Shannon said while you can see footage on television, it is very different once you get out on the ground and see the drought first-hand.
“Driving out here you realise how dire the situation really is,” he said.
Shannon said it was great the government was providing support for farmers and that national media were shining a light on the drought.
“It’s really gaining some momentum...” he said.
“Because that’s the most important thing, building awareness so people can understand the situation and then hopefully do whatever they can to help.”
Dubbo and the wider central west community took the opportunity to come out for the day to meet the celebrity’s and participate in a range of family-fun activities.
Shannon said it was great to see people turn out in droves for the event.

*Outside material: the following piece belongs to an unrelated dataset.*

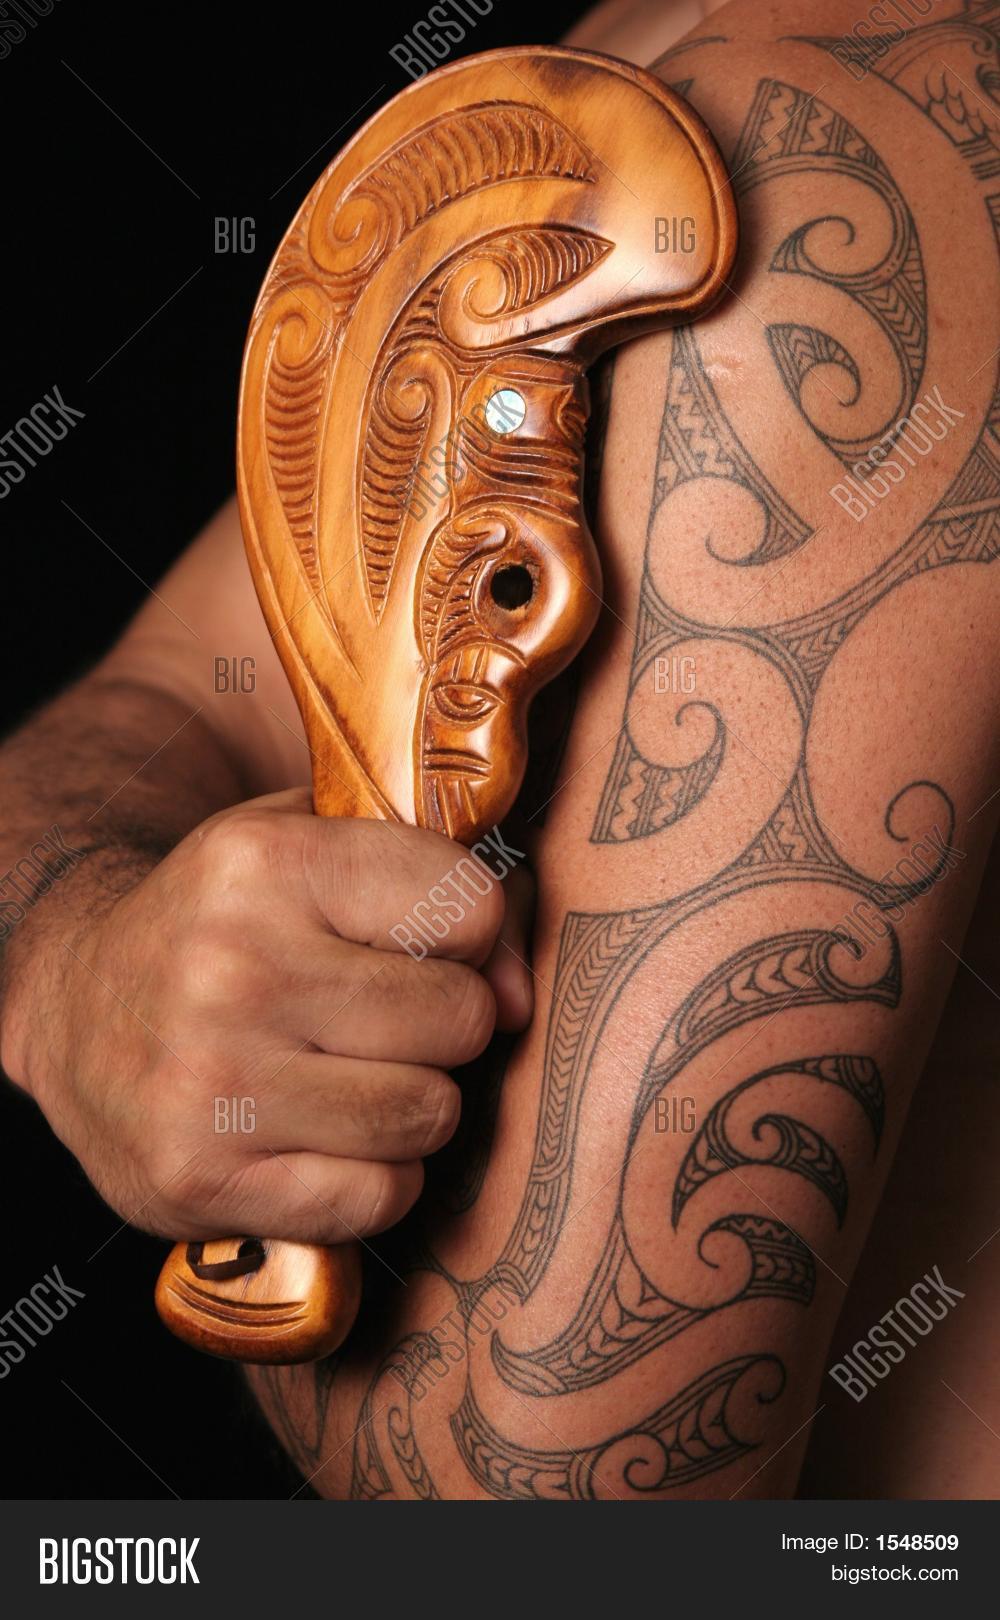 Imagen Y Foto Disenos De Tribus Prueba Gratis Bigstock - Tribus-maories
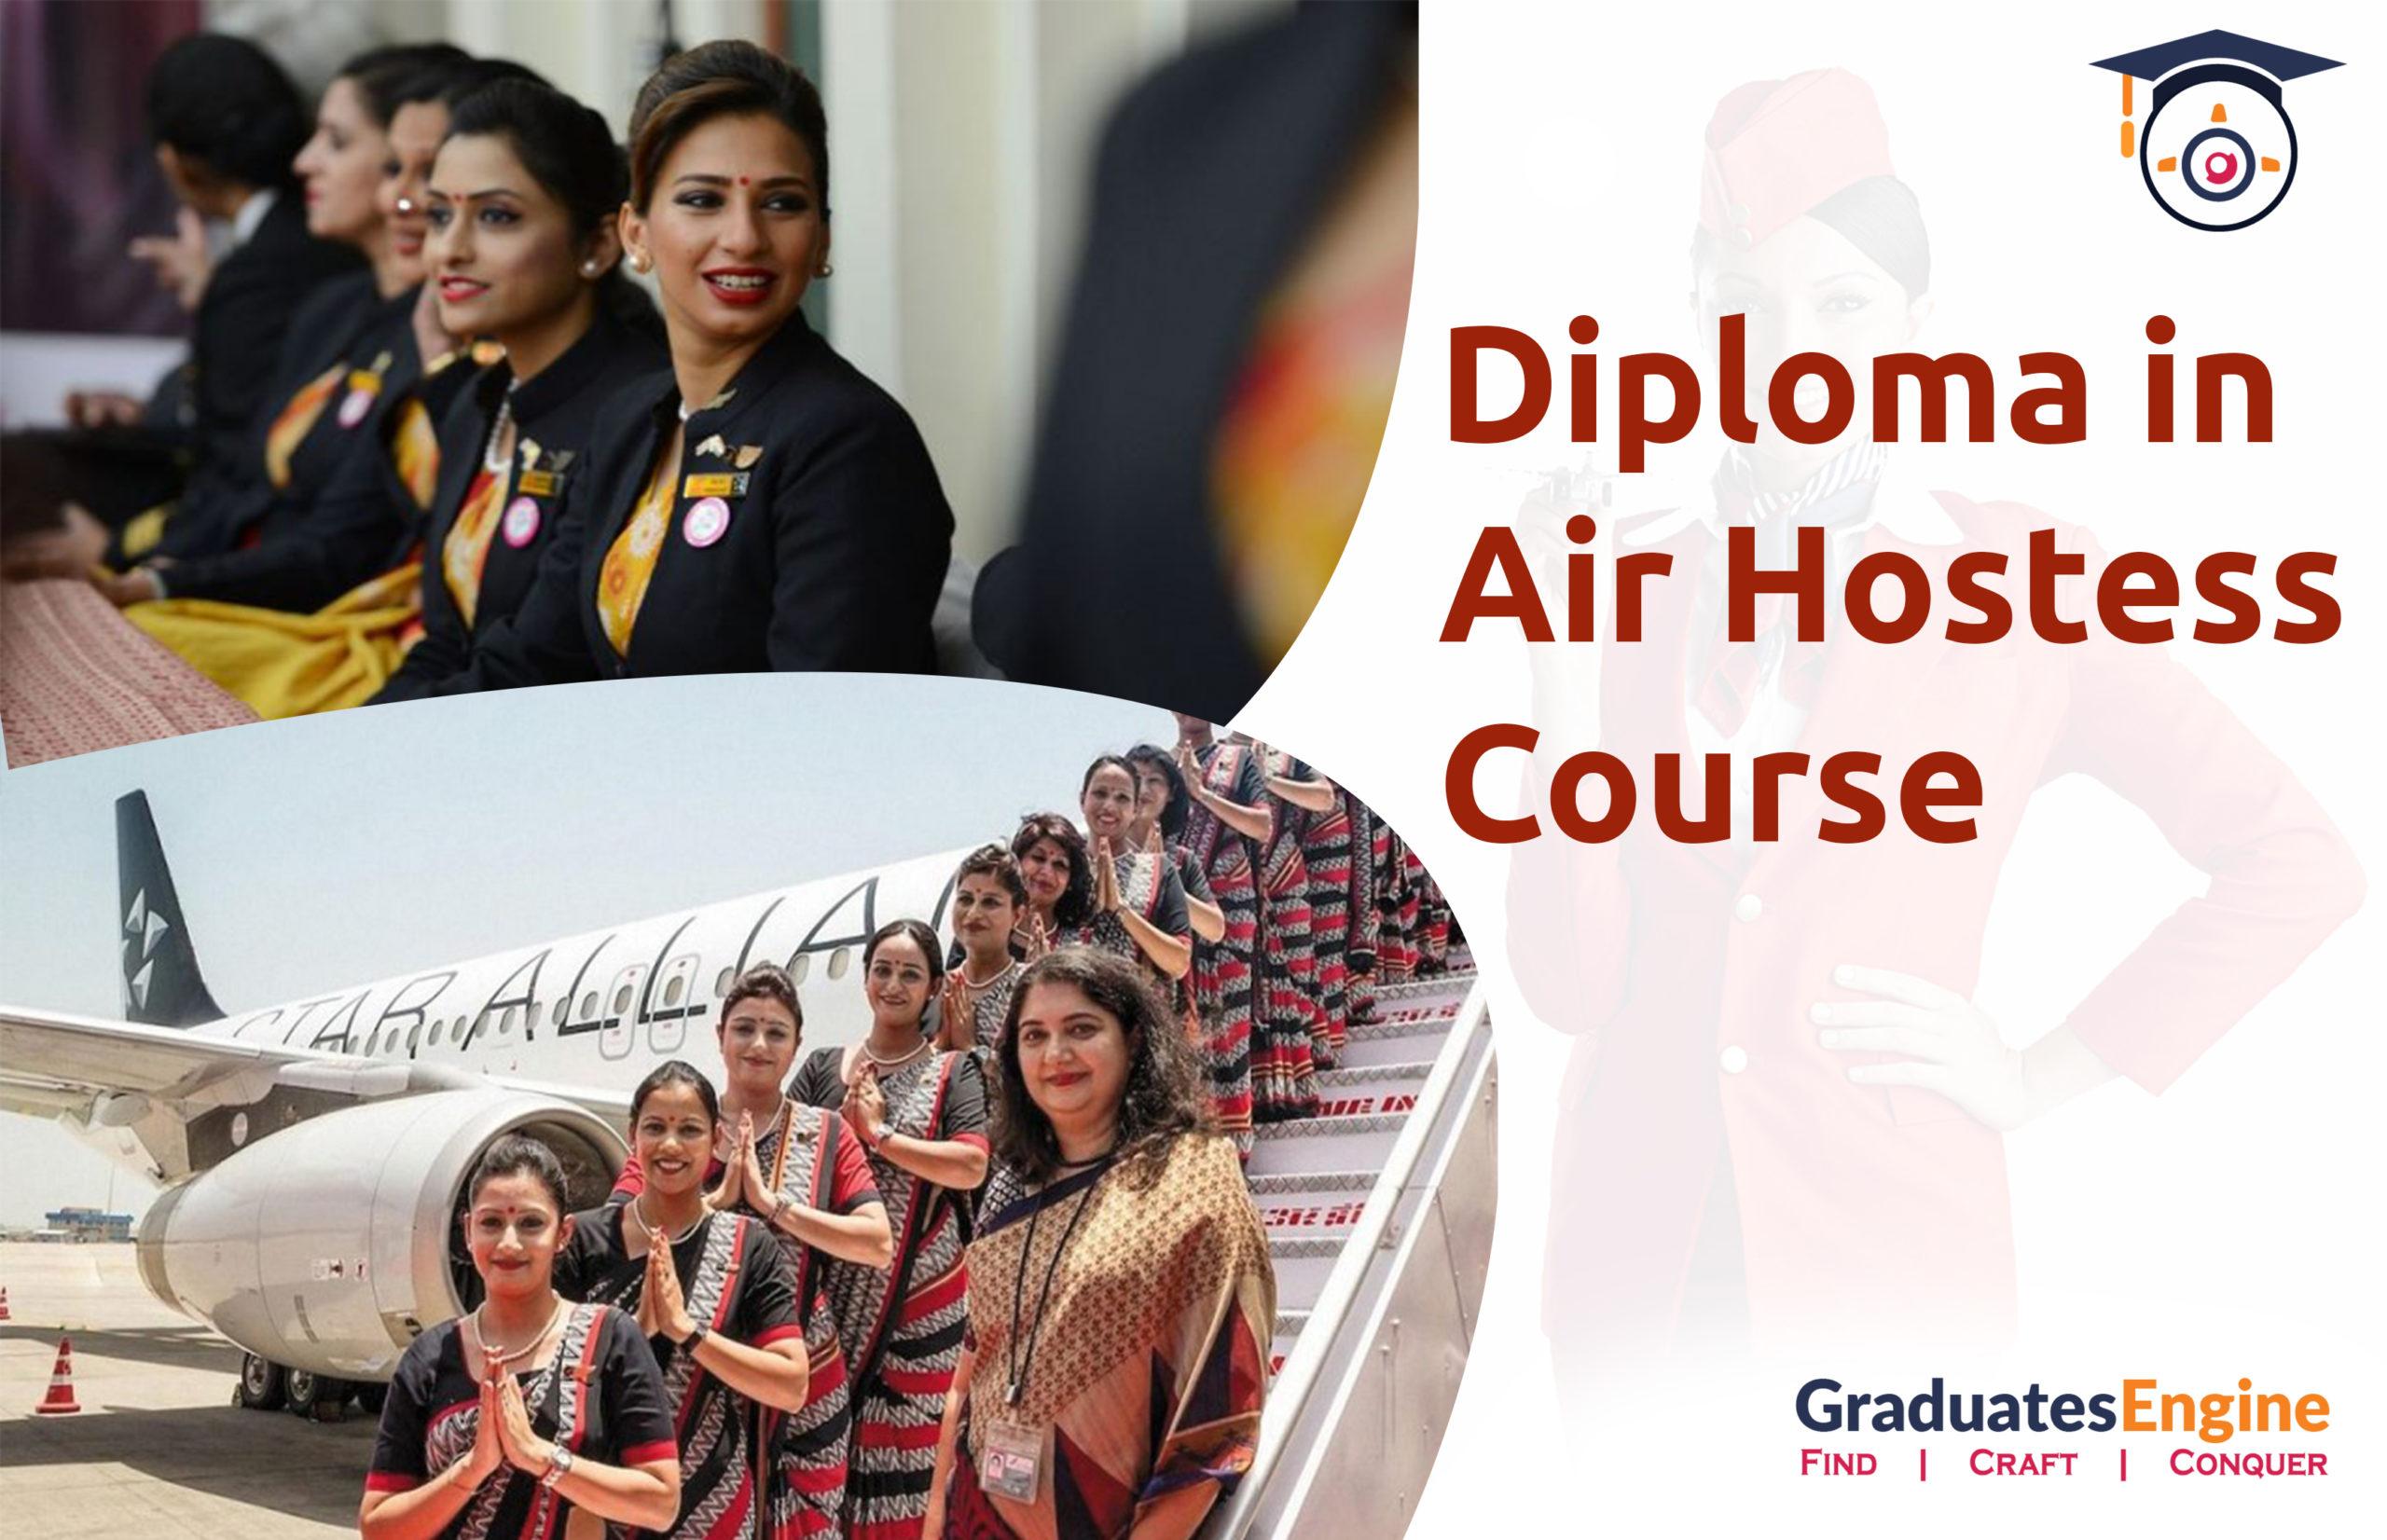 Diploma In Air Hostess course

“It’s great for the community as a whole to see this thing happening in town, because it just shows that people do care and people are aware (of the drought) and want to do something to help,” he said.
“In saying that too, it lifts the spirits hopefully of the locals as well and keeps their chin up… and let’s them know there are people out there who are thinking of them and trying to do whatever they can.”
Shannon has released a song called ‘Lean On Me’, and 100 per cent of the proceeds will go to rural charity Drought Angels.
The song will be available to purchase on iTunes on Friday, but as of Monday it can be pre-ordered.
Shannon has dedicated the song to all of the volunteers and farmers to let them know people are thinking about them.